10³²K is known for high-energy live performance and an adventurous repertoire that includes John Coltrane’s Expression, Hale Smith’s Feather, and compositions by all three members of the trio Air. In this spirit, Hard Time Killing Floor Suite pays homage to Skip James’s oeuvre less by trying to reproduce its outward form than by dialoguing with it from a 21st century perspective, asking questions, engaging, prodding, dancing, and dreaming.
Skip James emerged from the sawmill towns and juke joints of the Mississippi Delta for a few days in 1931 to record for posterity eighteen of the deepest and most idiosyncratic blues and gospel tunes ever documented.
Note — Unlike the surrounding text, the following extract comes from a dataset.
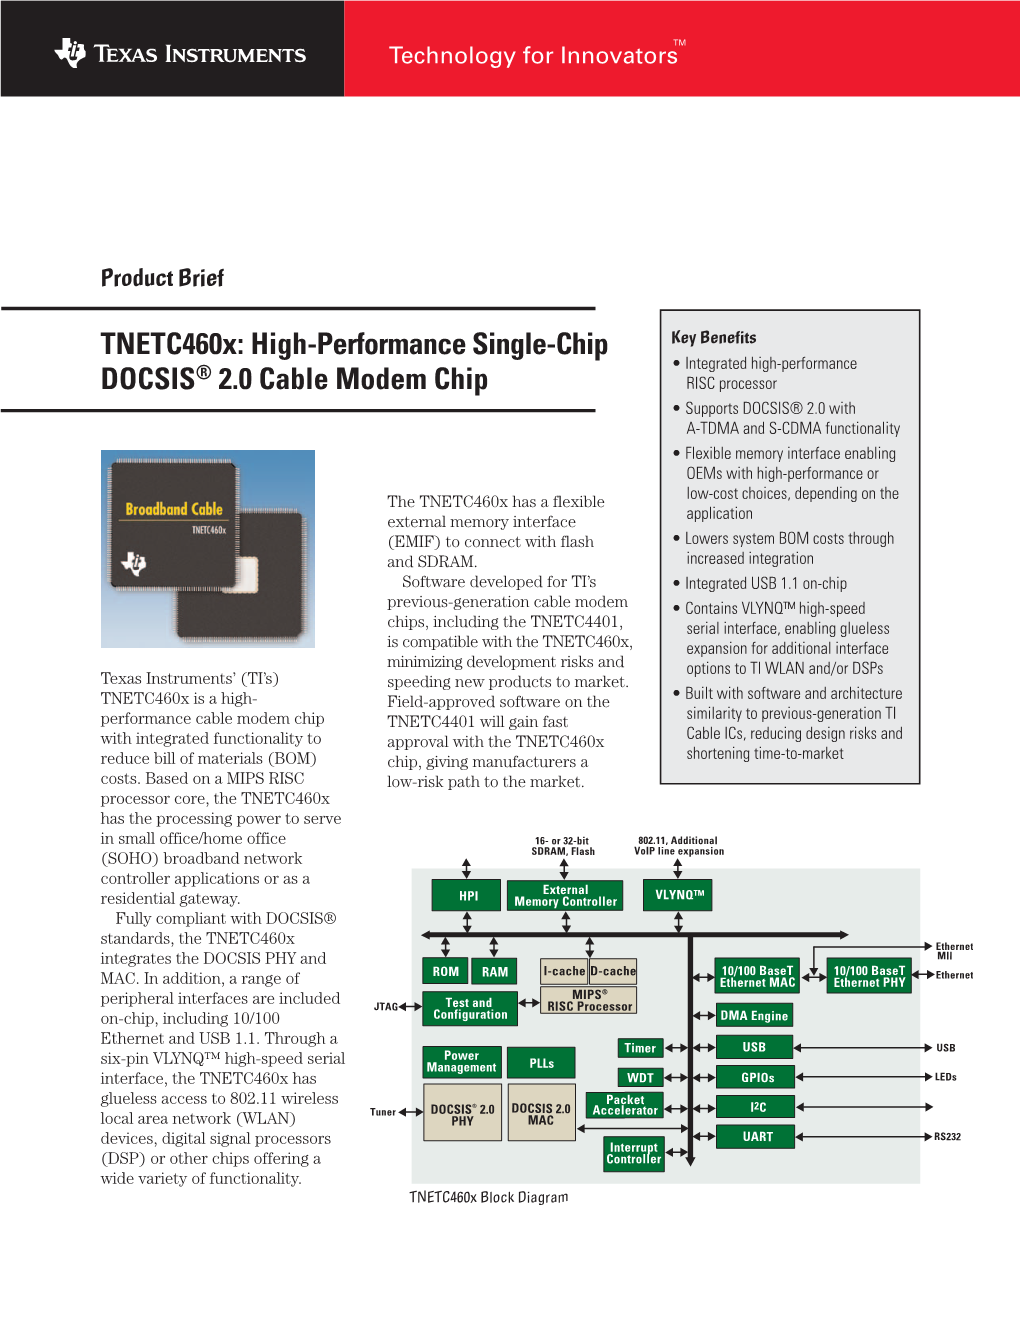 High-Performance Single-Chip DOCSIS 2.0 Cable Modem Chip

Following the recording he returned to the Delta where before long he gave up music, disappearing from the outside world for the next 33 years. Discovered in a hospital in 1964 by three young blues enthusiasts from the East Coast, James was thrust into a limelight he hadn’t known existed and spent the last five years of his life as one of the most celebrated and enigmatic figures of the mid-60s folk/blues revival.
Unusual among early blues artists, James played both guitar and piano, doing so with unparalleled inventiveness and in virtuosic counterpoint to his vocals. His high falsetto singing voice combined with droning ostinatos, rhythmic power, and quirky instrumental embellishments to imbue his songs with an arresting, otherworldly quality often described as “haunting” or “forlorn.” Eschewing chordal instruments, 10³²K deploys trombone/flumpet, bass, drums, and vocals to re-examine the material of Skip James’s musical legacy—reworking, at times stretching, at times compressing, and shining light on its facets from a variety of angles.